Es war vielleicht auch Trotz im Spiel, als Henry Purcell, der wohl wichtigste Komponist Englands im späten 17. Jahrhundert, seine »Fantasias « oder »Fancys« zu Papier brachte. Denn die Restauration der Monarchie 1660 löste eine allgemeine Begeisterung für die französische Musik aus, die auch der englische König Karl II. sehr schätze. Die »Fantasias« galten hingegen als »alte Musik« und waren nicht nur verpönt, sondern beim König geradezu verhasst.

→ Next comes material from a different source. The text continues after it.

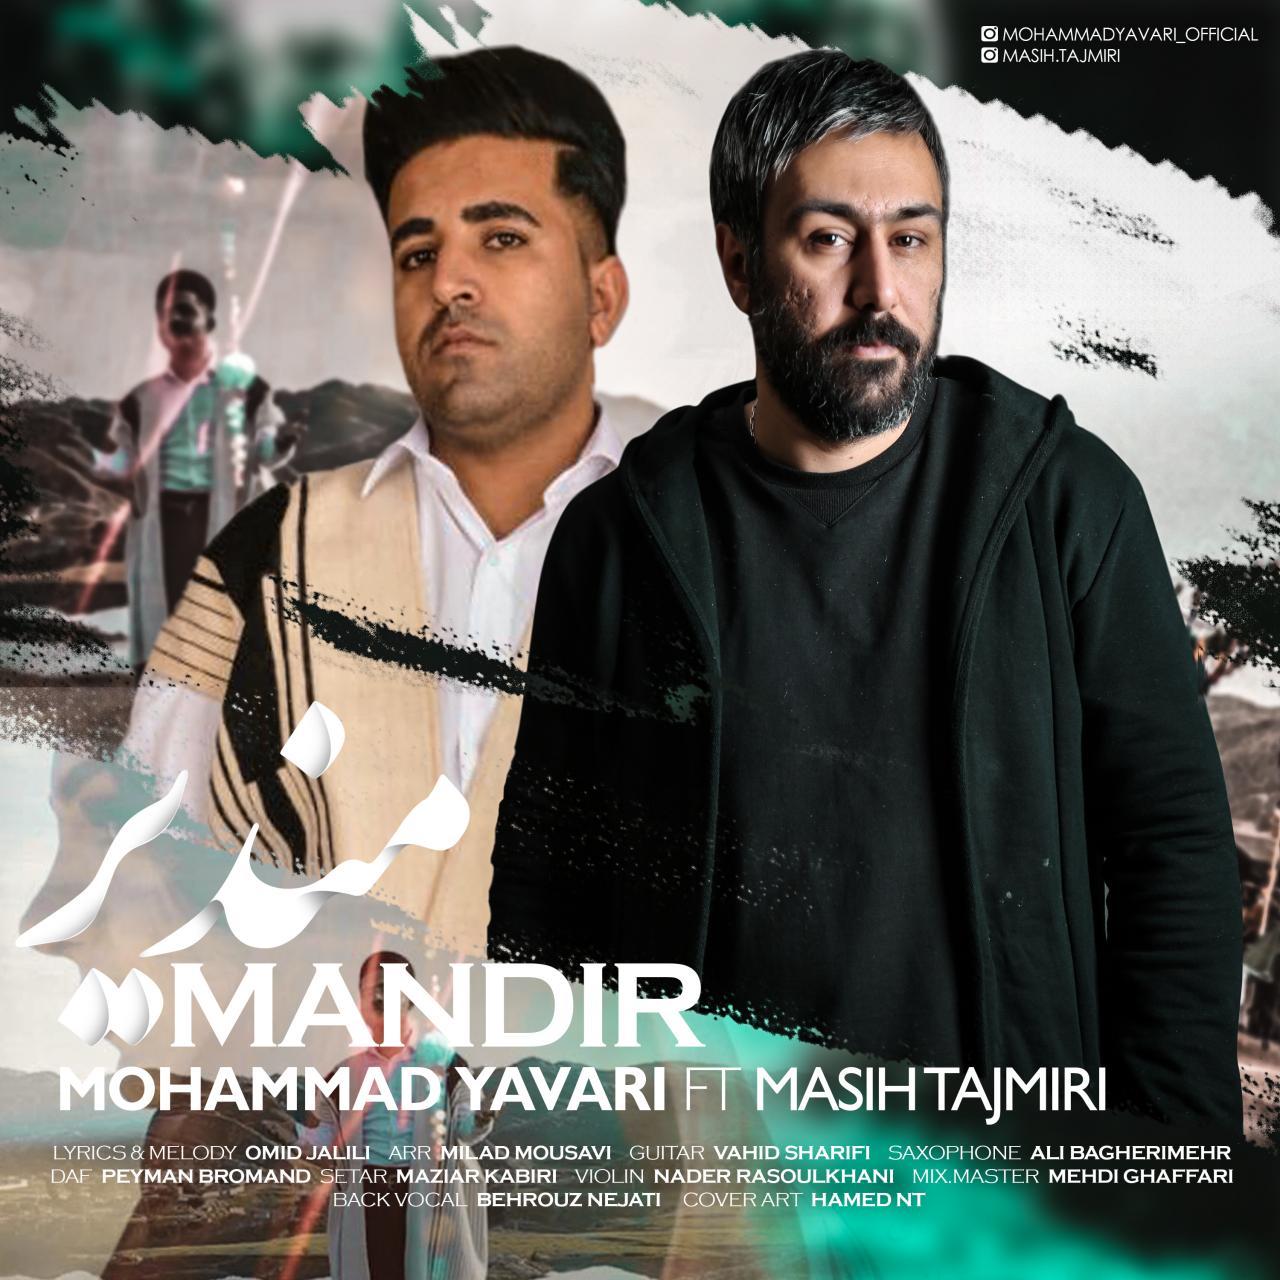 Mohammad Yavari – Mandir (Ft Masih Tajmiri)
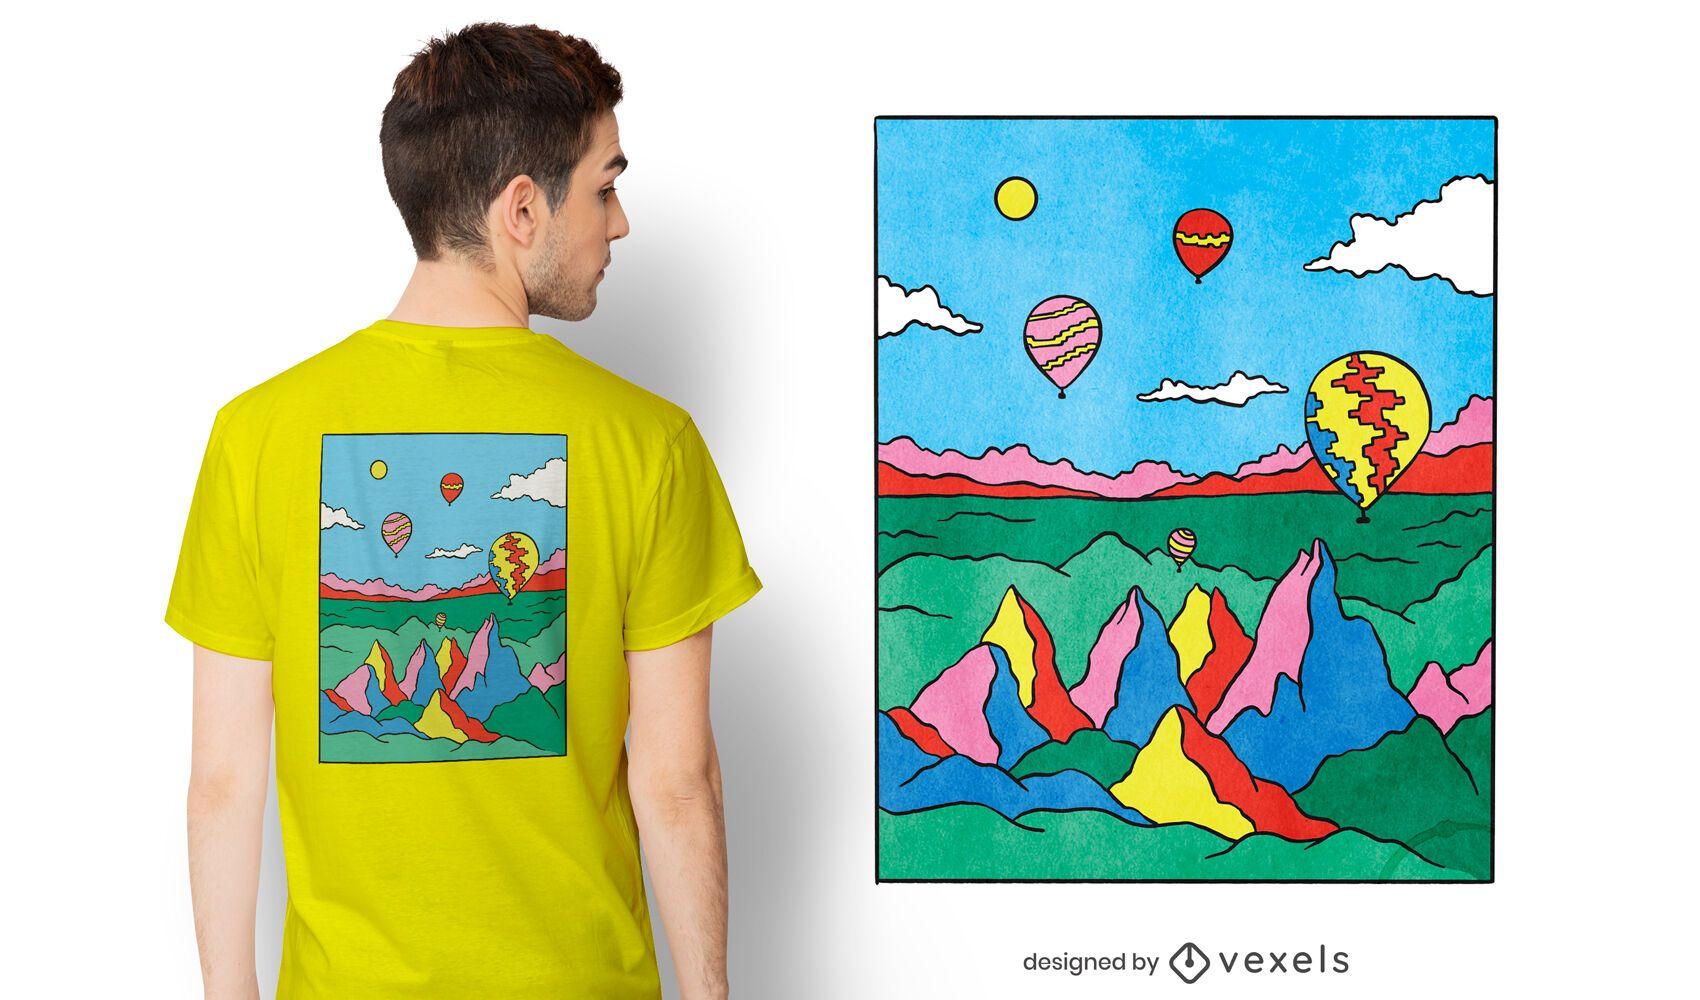 Colorful capadocia t-shirt design

Das schreckte den jungen Purcell, damals gerade einmal 21 Jahre alt, jedoch nicht ab. Mit seinen drei- und vierstimmigen »Fantasias« für Violenensemble stellte er sein immenses Können als Melodiker und Kontrapunktiker unter Beweis. Vor allem verblüffen immer wieder die scharfen Dissonanzen, die er aus der altenglischen Vorliebe für Querstände gewann. Innerhalb Purcells OEuvre bilden die »Fantasias« gewissermaßen sein kompositorisches Gesellenstück.
– Martin Demmler
Henry Purcell galt schon zu seinen Lebzeiten während des Barock als der bedeutendste englische Komponist. Er war Organist an der Westminster Abbey an der Chapel Royal. Seine Werke wurden von den Zeitgenossen und Nachfolgern, namentlich auch von…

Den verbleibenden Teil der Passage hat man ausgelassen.